Stored data
>>>>>

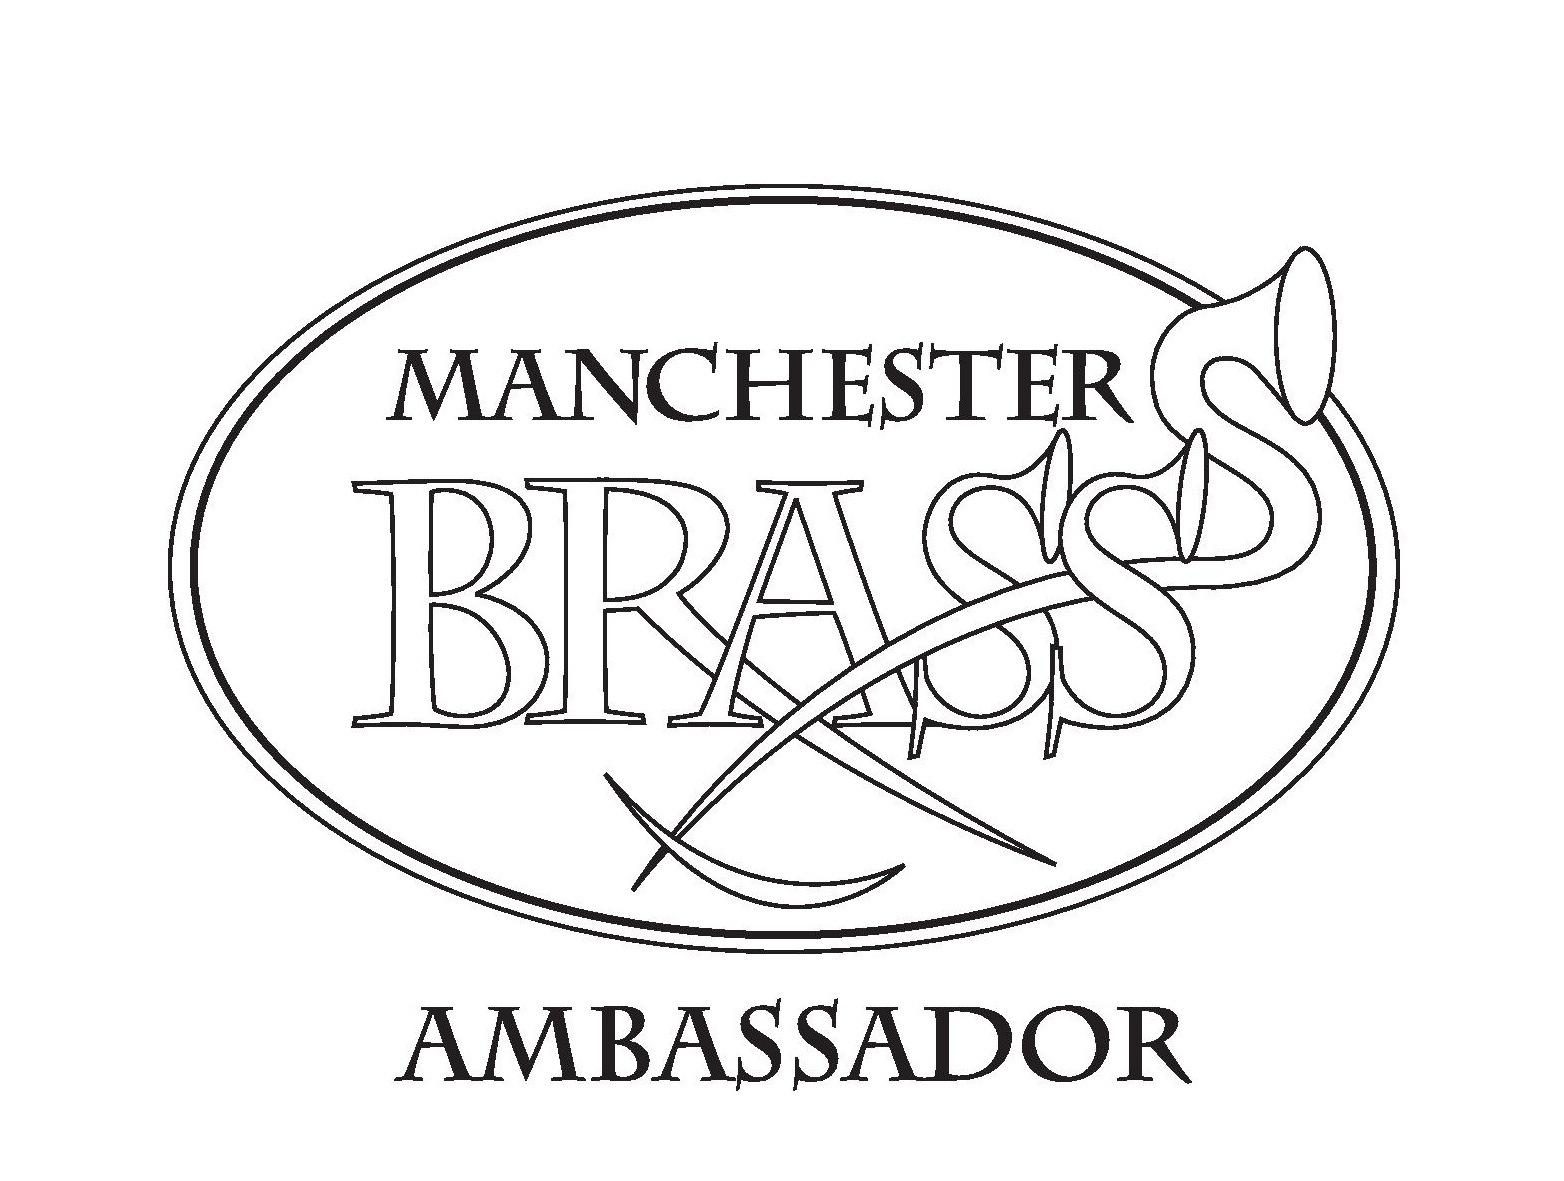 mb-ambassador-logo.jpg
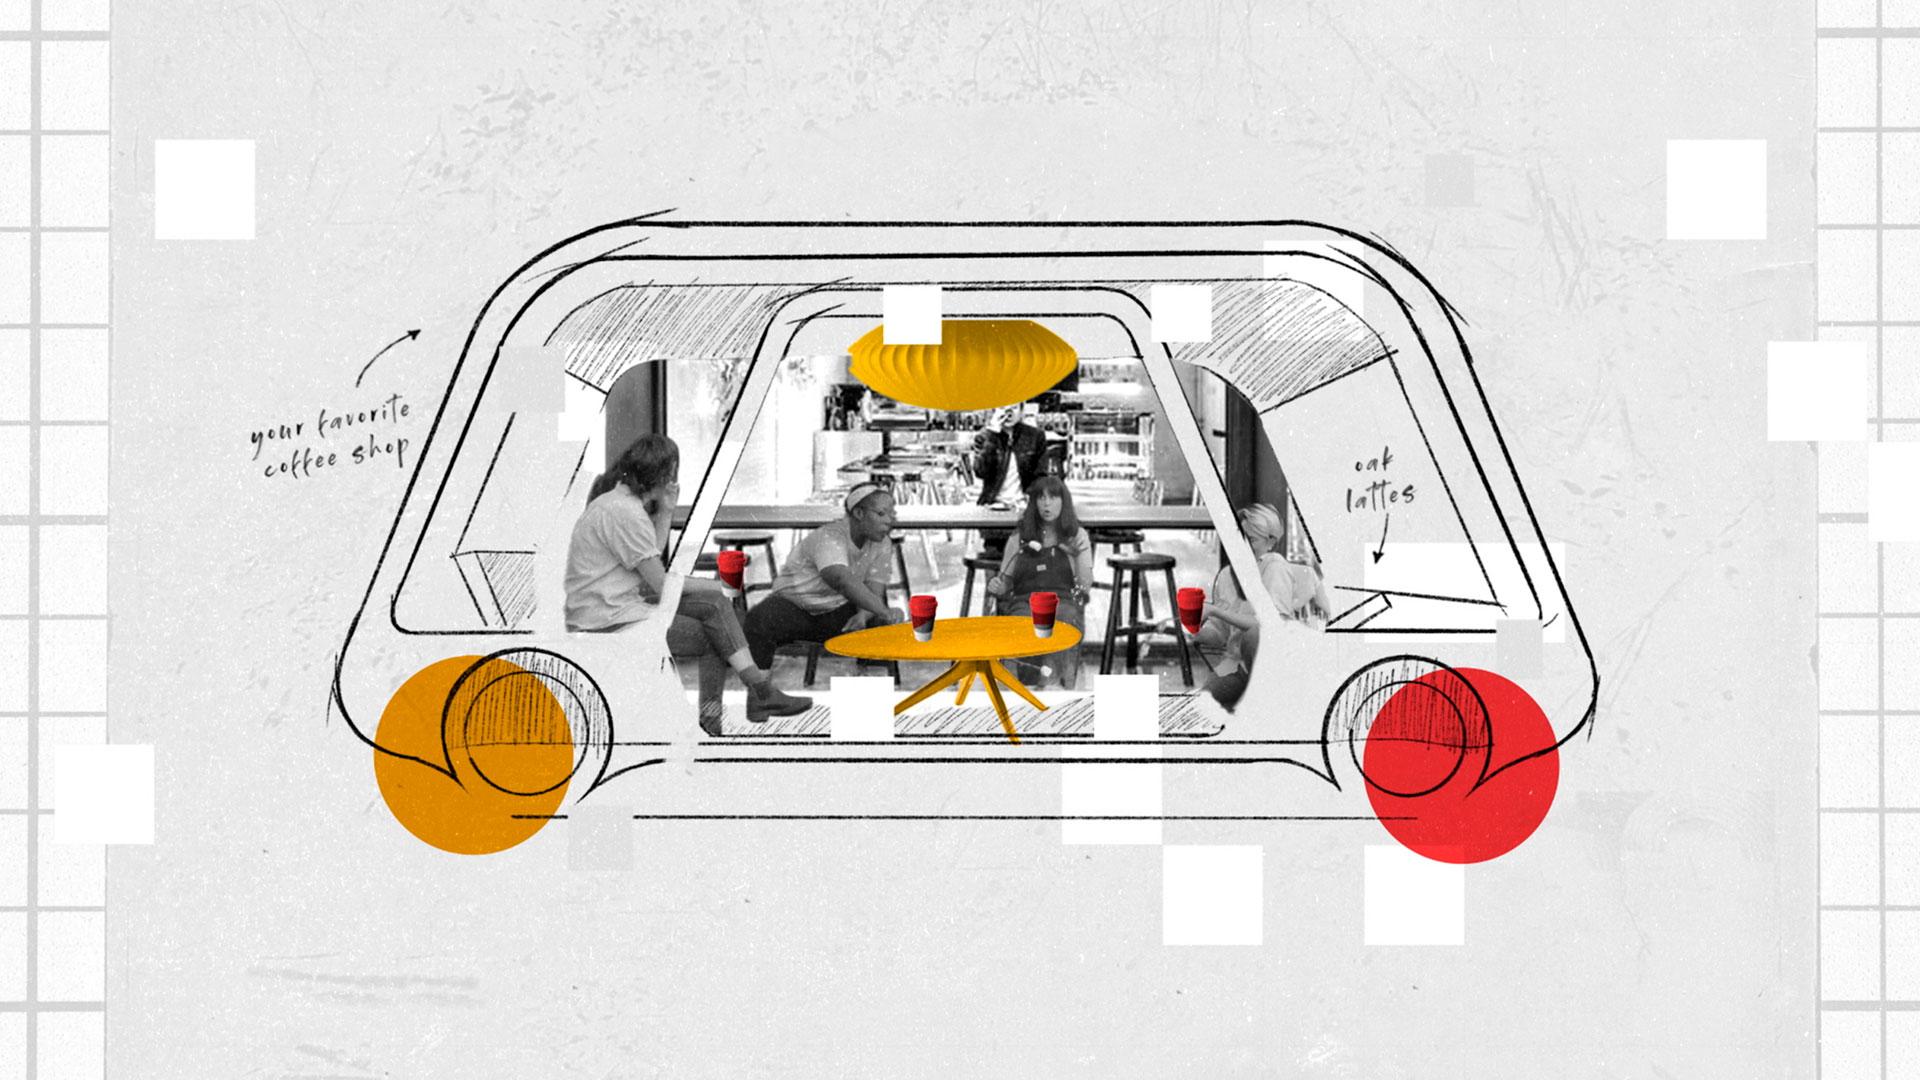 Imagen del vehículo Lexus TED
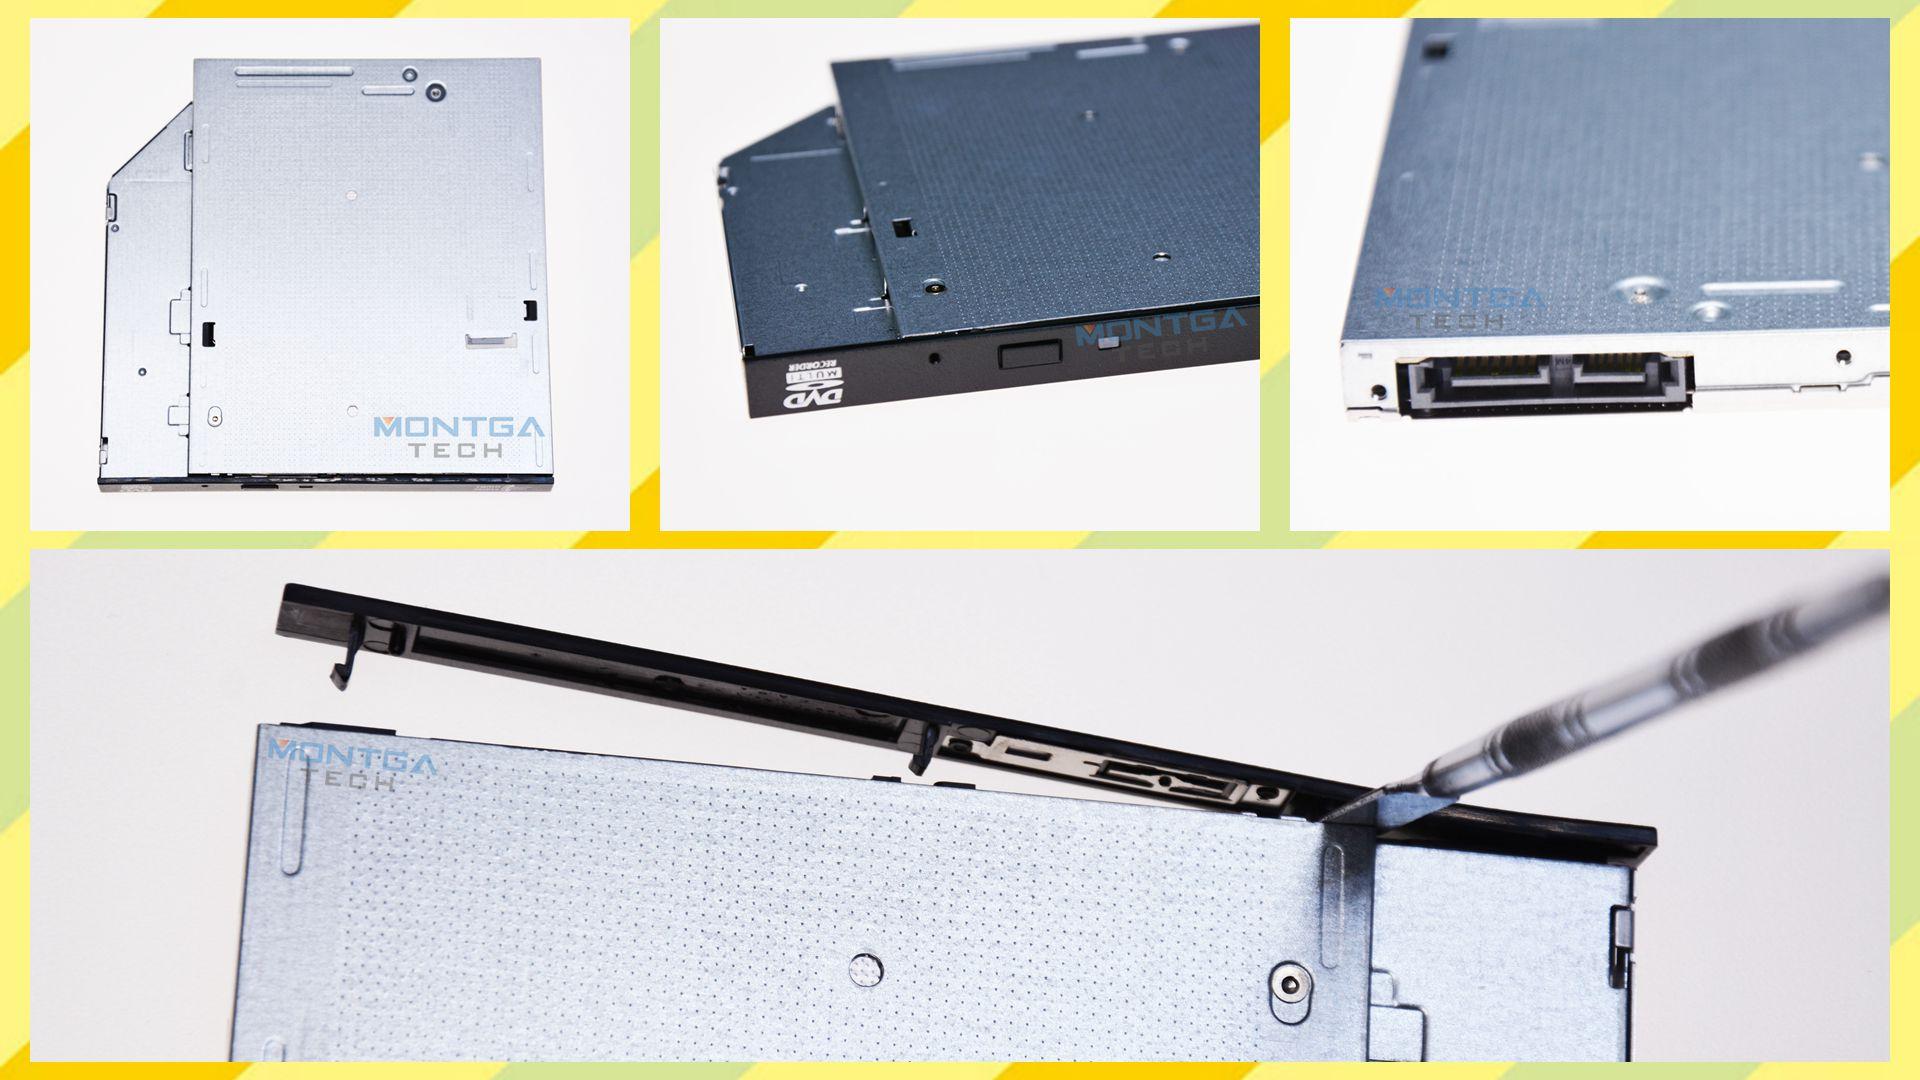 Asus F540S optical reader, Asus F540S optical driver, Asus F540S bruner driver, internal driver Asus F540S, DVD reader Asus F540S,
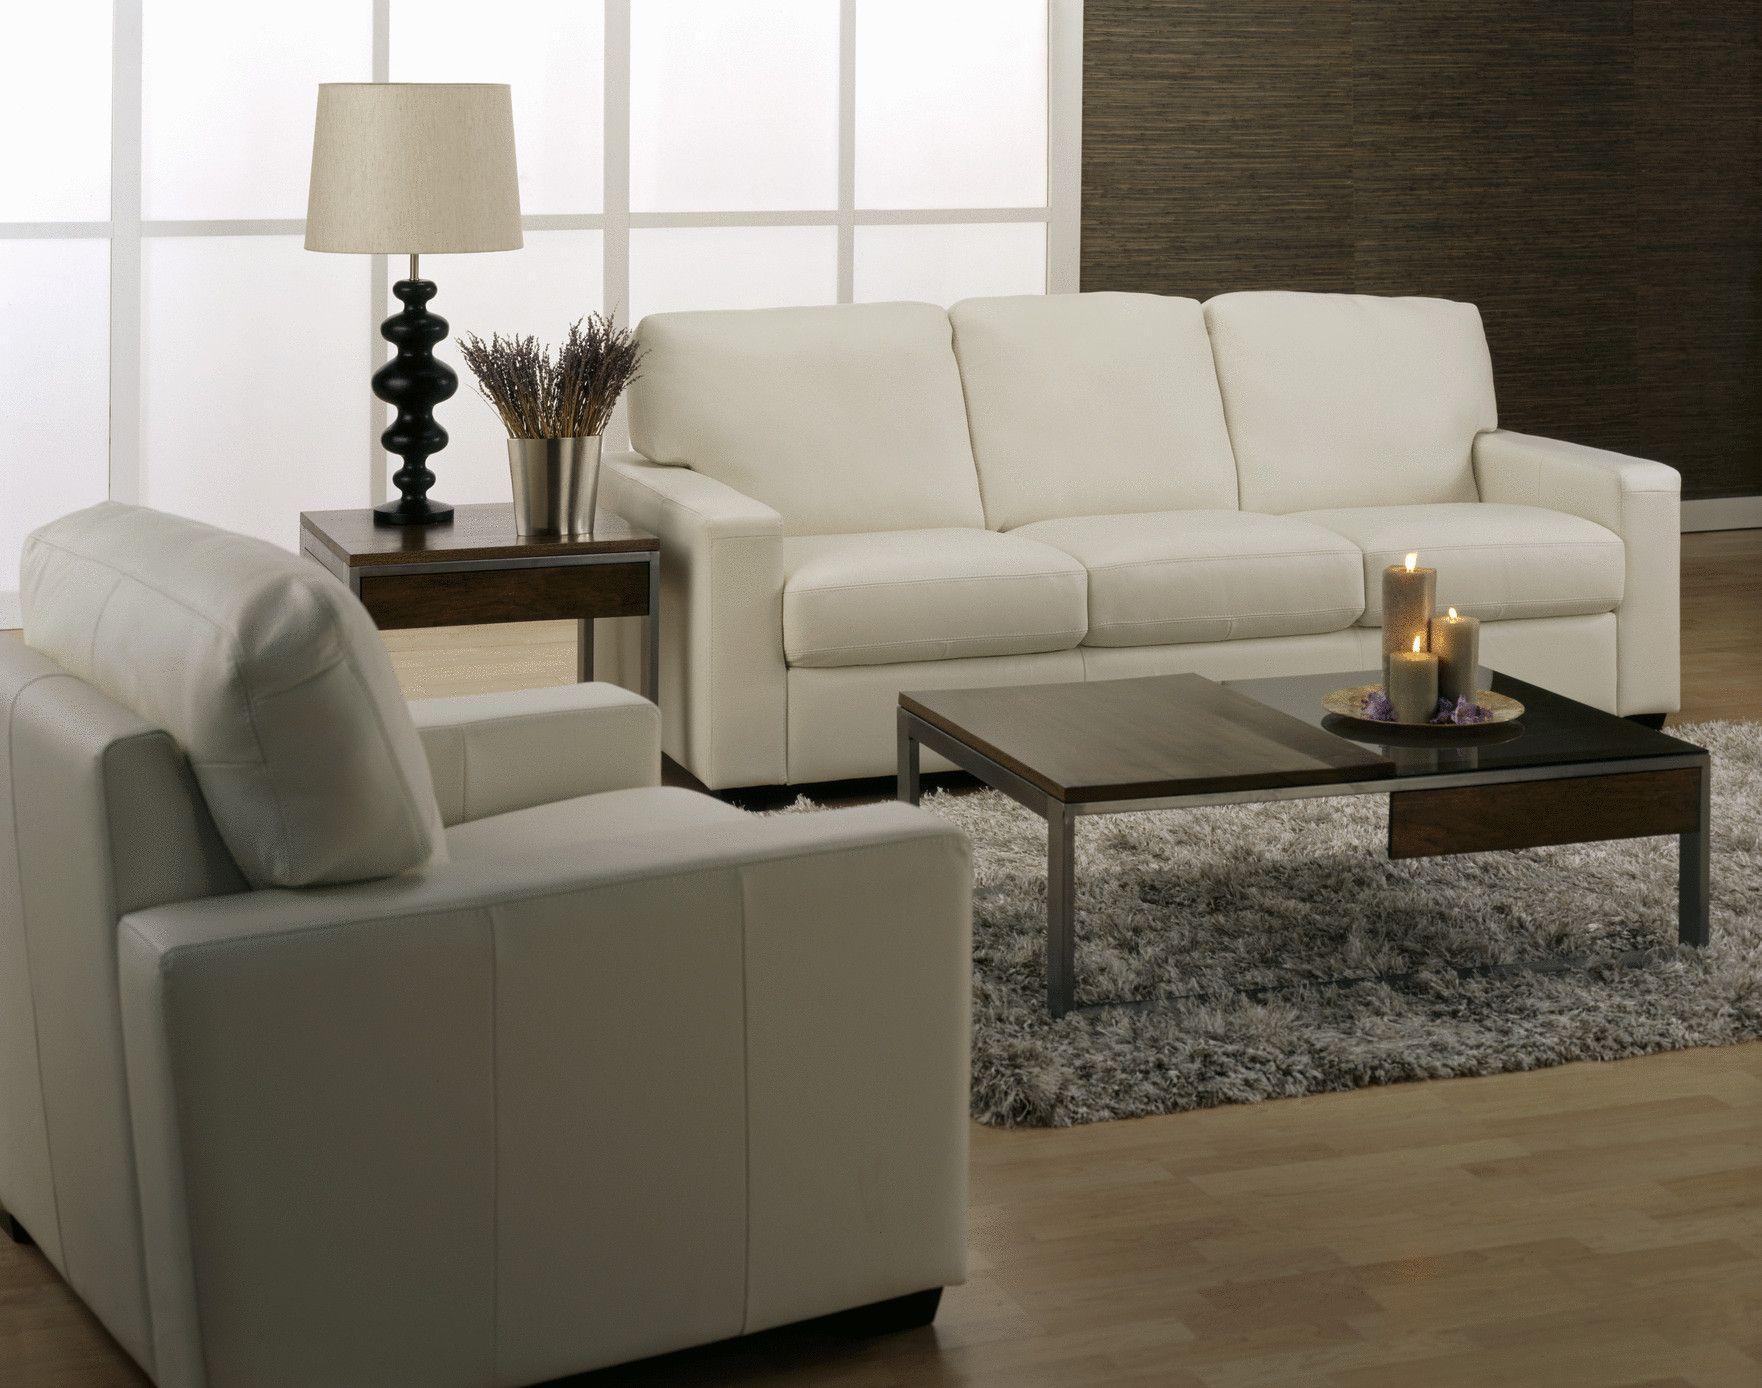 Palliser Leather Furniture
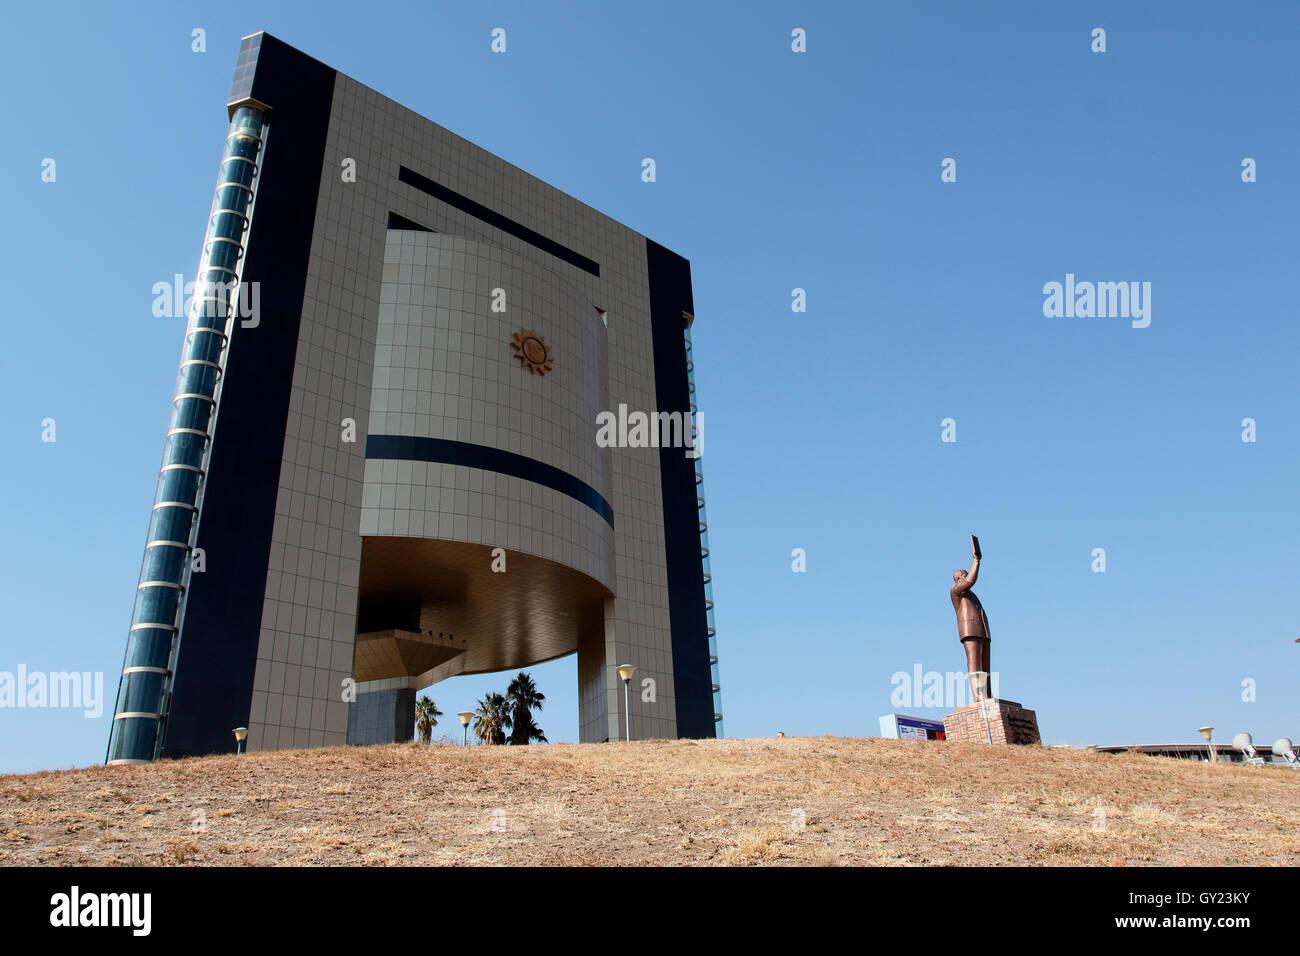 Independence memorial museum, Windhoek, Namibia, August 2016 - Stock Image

<<<<<

### PROBLEM REQUIREMENTS
Each record should be quoted exactly, with the images omitted.

### OUTPUT BELOW
 mb-ambassador-logo.jpg
 Imagen del vehículo Lexus TED
 Asus F540S optical reader, Asus F540S optical driver, Asus F540S bruner driver, internal driver Asus F540S, DVD reader Asus F540S,
 Palliser Leather Furniture
 Independence memorial museum, Windhoek, Namibia, August 2016 - Stock Image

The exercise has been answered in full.